From: "Darrick J. Wong" <darrick.wong@oracle.com>
To: Kent Overstreet <kmo@daterainc.com>
Cc: Sam Fulcomer <enotty@brown.edu>,
Francis Moreau <francis.moro@gmail.com>,
Daniel J Blueman <daniel@quora.org>,
linux-bcache@vger.kernel.org
Subject: Re: [PATCH] bcache: fix writeback thread to sleep less intrusively
Date: Fri, 11 Apr 2014 19:31:01 -0700 [thread overview]
Message-ID: <20140412023101.GC9176@birch.djwong.org> (raw)
In-Reply-To: <20140411014135.GA18933@birch.djwong.org>
On Thu, Apr 10, 2014 at 06:41:35PM -0700, Darrick J. Wong wrote:
> On Thu, Apr 10, 2014 at 05:46:49PM -0700, Kent Overstreet wrote:
> > On Thu, Apr 10, 2014 at 05:26:36PM -0700, Darrick J. Wong wrote:
> > > Hi all,
> > >
> > > The attached patch fixes both the "writeback blocked for XXX seconds"
> > > complaints from the kernel and the oddly high load averages on idle systems
> > > problems for me. Can you give it a try to see if it fixes your problem too?
> > >
> > > --D
> > > ---
> > > Currently, the writeback thread performs uninterruptible sleep while
> > > it waits for enough dirty data to accumulate to start writeback.

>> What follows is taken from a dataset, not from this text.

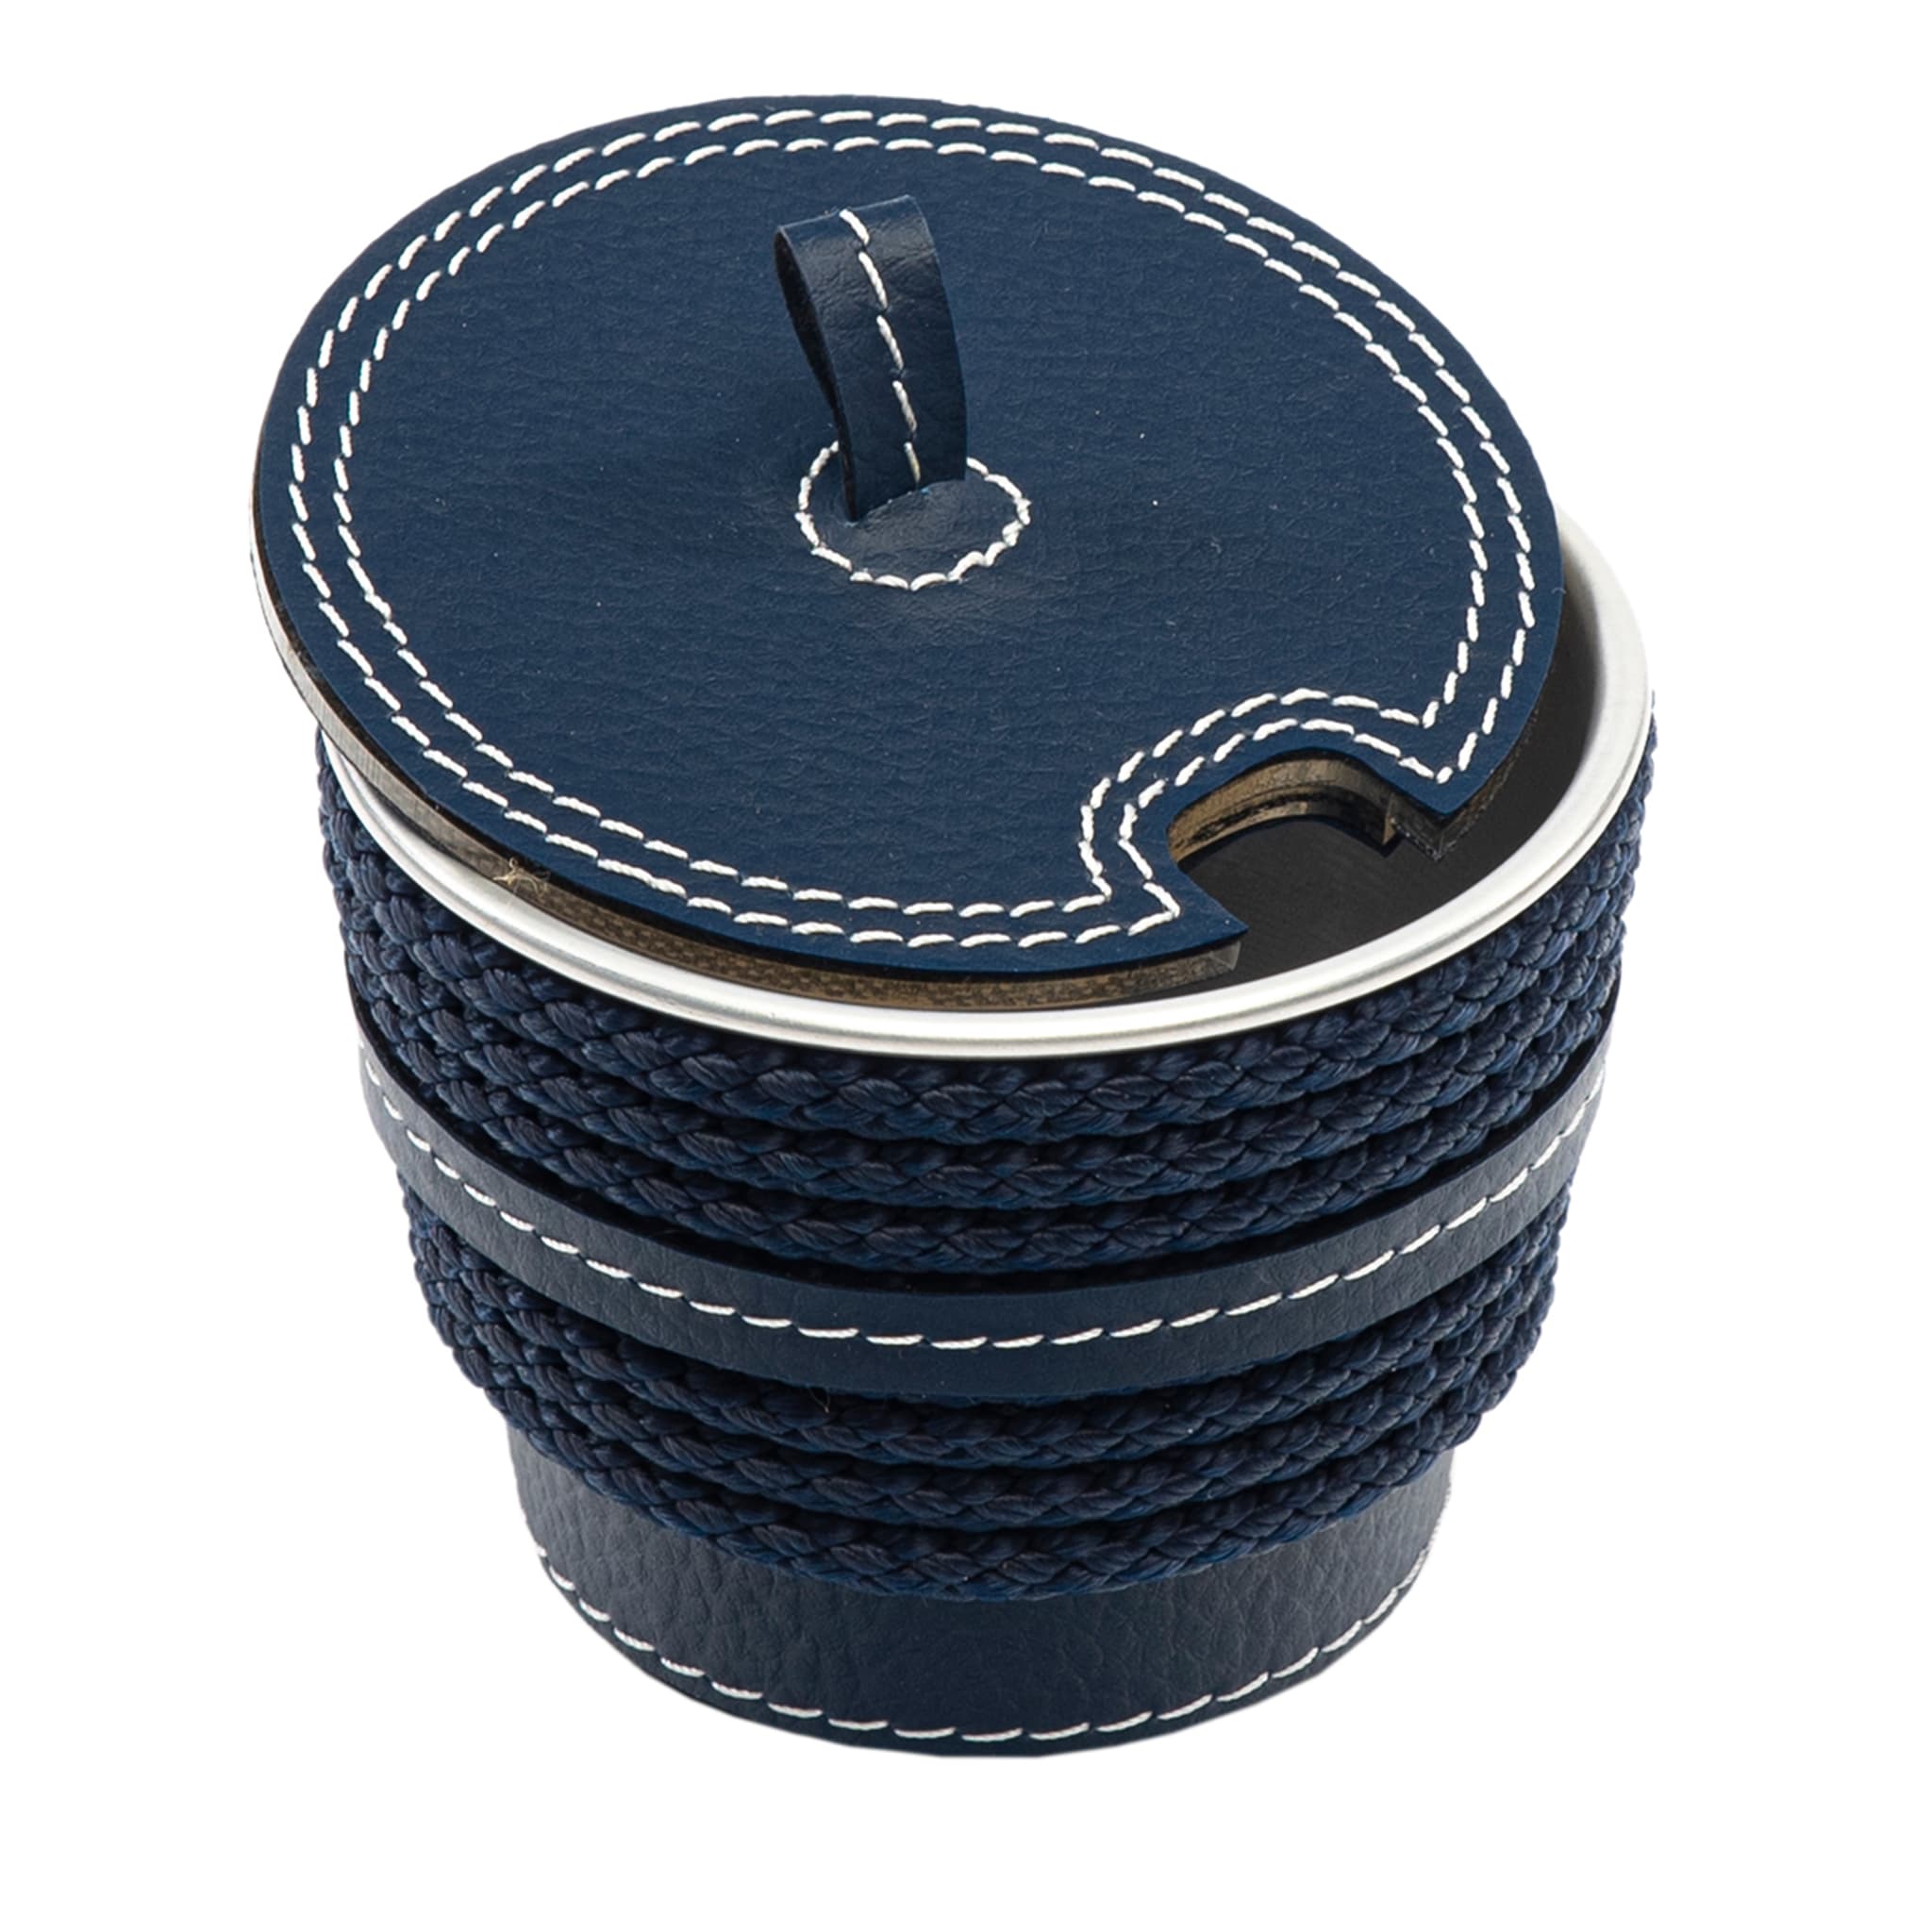 Sucrier bleu en éco-cuir avec inserts en corde - Vue principale

> > > Unfortunately, uninterruptible sleep counts towards load average,
> > > which artificially inflates it. Since the wb thread is a kernel
> > > thread and kthreads don't receive signals, we can use the
> > > interruptible sleep call, which eliminates the high load average
> > > symptom.
> > >
> > > A second symptom is that if we mount a non-writeback cache, the
> > > writeback thread will be woken up. If the cache later accumulates
> > > dirty data and writeback_running=1 (this seems to be a default) then
> > > the writeback thread will enter uninterruptible sleep waiting for
> > > dirty data. This is unnecessary and (I think) results in the
> > > "bcache_writebac:155 blocked for more than XXX seconds" complaints
> > > that people have been talking about. The fix for this is simple -- if
> > > we're not in writeback mode, just go to (interruptible) sleep for a
> > > long time. Alternately, we could use wait_event until the cache mode
> > > changes.
> > >
> > > Finally, change bch_cached_dev_attach() to always wake up the
> > > writeback thread, because the newly created wb thread remains in
> > > uninterruptible sleep state until something explicitly wakes it up.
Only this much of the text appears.